The Times of London is reporting that professional tennis umpires have threatened to boycott officiating Serena Williams’ future matches after she accused sitting officiant Carlos Ramos of “stealing” her points in the US Open. One of the umpires’ bones of contention, supposedly, is that The Women’s Tennis Association (WTA) and United States Tennis Association (USTA) have backed Williams’ claims of sexism in Ramos’ docking the tennis star of two points, which may have cost her the final against Naomi Osaka.

And while it may seem at first glance like a cut-and-dried case of sexism, which Williams herself has implied, conversations about Williams’ treatment at the 2018 US Open have as much (or more) to do with the color of her skin.

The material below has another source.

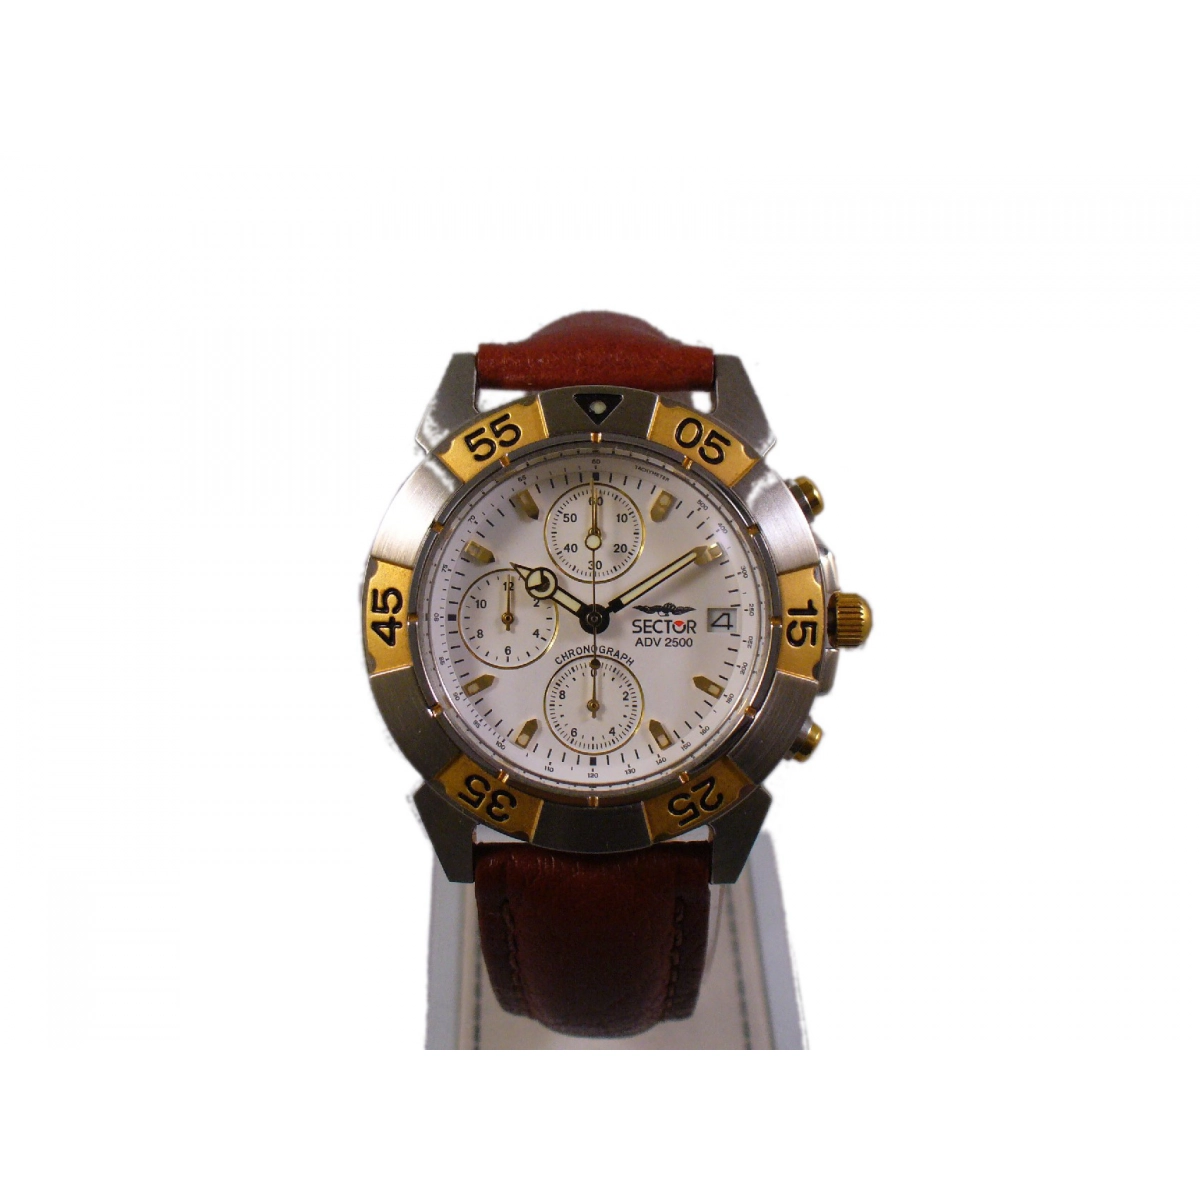 SECTOR CHRONOGRAPH TWO-TONE LEATHER 1851941027 WATCH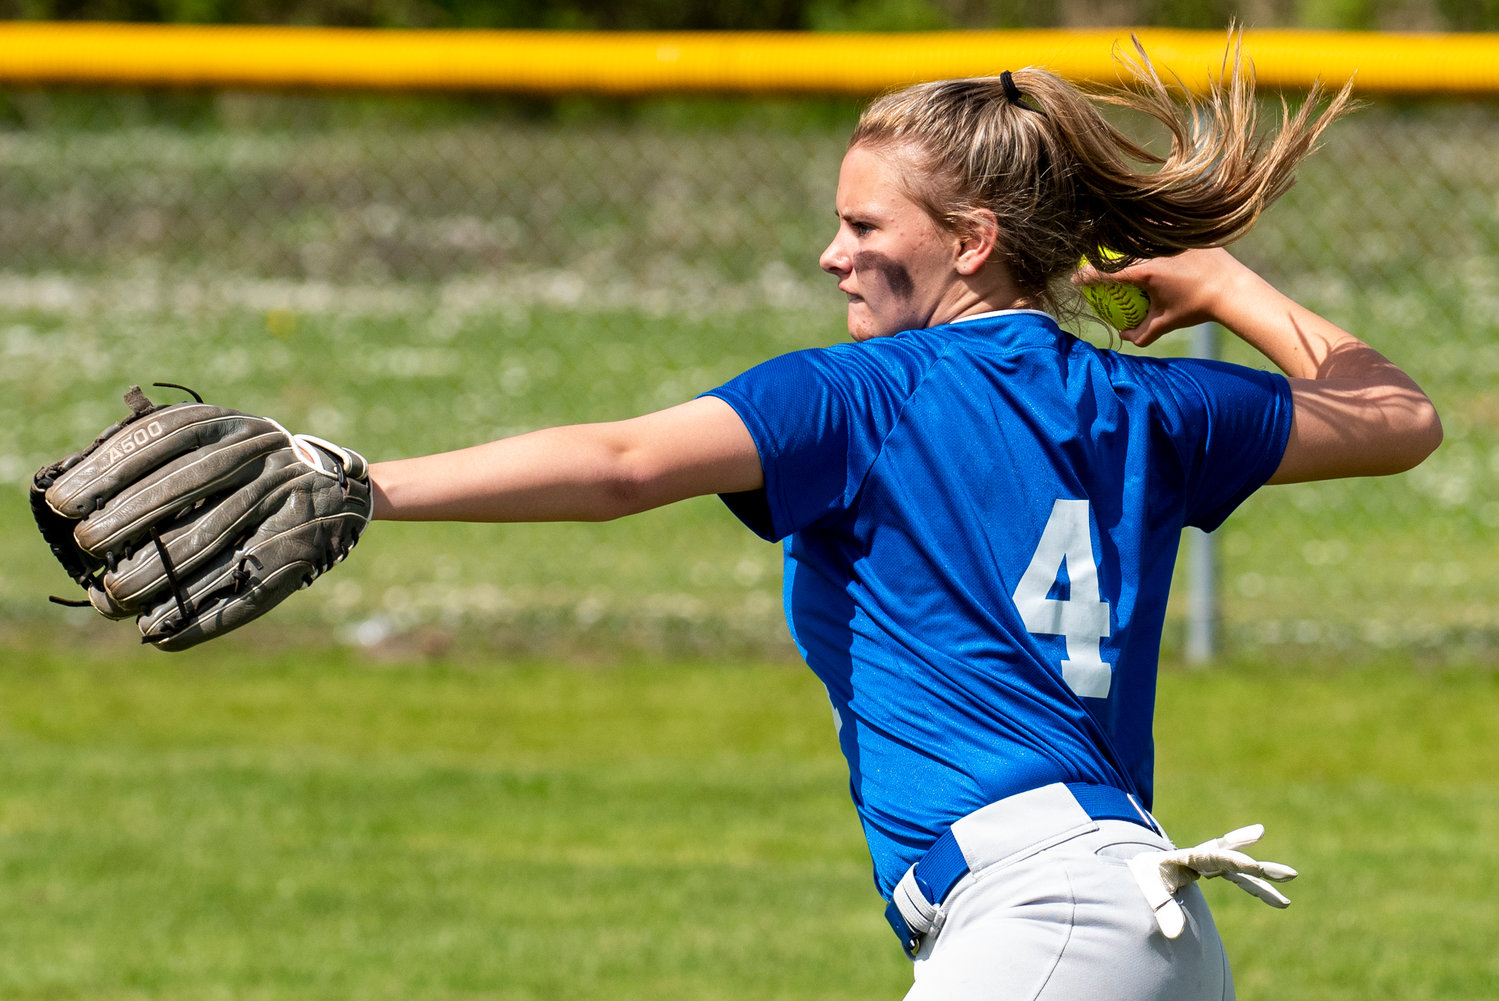 Adna's Gracie Beaulieu makes a throw from right field during a home game against Onalaska on May 4.

BBC News set out to end the sexism debate early on Wednesday by aggregating data that seems to suggest that Williams’ treatment was not sexist — women playing the four 2018 tennis Grand Slams had slightly fewer deductions, on average, than their male counterparts. But race was not taken into account in this calculus. It should have been.

Williams, like Arthur Ashe and other Black tennis players before her, has endured an uphill battle by virtue of simply playing a sport which was segregated for centuries and considered a white nobleman’s game.  In fact, there have only been 28 Black men and 35 Black women to play tennis at an elite level, ever.

While Williams’ star rose, so did racist attacks against her. She’s been booed. She’s been called the N-word. She and her sister, Venus were called “The Williams Brothers” because of their powerful physiques and prowess on the court, and more. All along, Serena has been the target of messaging that she isn’t welcome in the sport she dominates. We cannot ignore the role of racism.

What Williams said to Ramos at the US Open, “thief,” was innocuous compared to what many of her white counterparts have said to him and other umpires in the past. She didn’t threaten, and she didn’t curse. But the argument is not about whether what she said was or wasn’t right: it’s about the repercussions she incurred, which included a $17,000 fine in addition to the two-point deduction.

Videos of white tennis players berating umpires, smashing multiple rackets, threatening officials, and even hitting umpires with balls can easily be found online. There doesn’t seem to be any instance of mass-boycott to result from those players’ actions.

Consider the privilege of white tennis players like John McEnroe (who sides with Williams), whose abhorrent on-court behavior became an almost beloved signature in professional tennis. Compare that with the experience of Williams, arguably the best living tennis player on earth, who in 2018 must still face racist cartoons that depict her physique and features styled in the way Black people were drawn during the height of the Jim Crow era.

Depictions of Osaka after her defeat of Williams also reinforce anti-Black stereotypes. Though Osaka is both Japanese and Haitian, is very obviously biracial, and grew up in Florida, she tends to be described simply as “Japanese.” In the high-profile, racist cartoon that emerged after the US Open, Osaka wasn’t even depicted at all — a nondescript blonde player was drawn in her place. Erasing Osaka’s own Blackness serves to further isolate Williams as an aggressive outlier in her sport, and advances the racist trope of the violent, angry Black woman.

With the umpires threatening to boycott Williams’ future games, they are saying that although most (if not all) professional tennis players have had similar outbursts on the court, it’s particularly the outbursts of the greatest tennis player of all time — a Black woman — that are so damaging to their profession.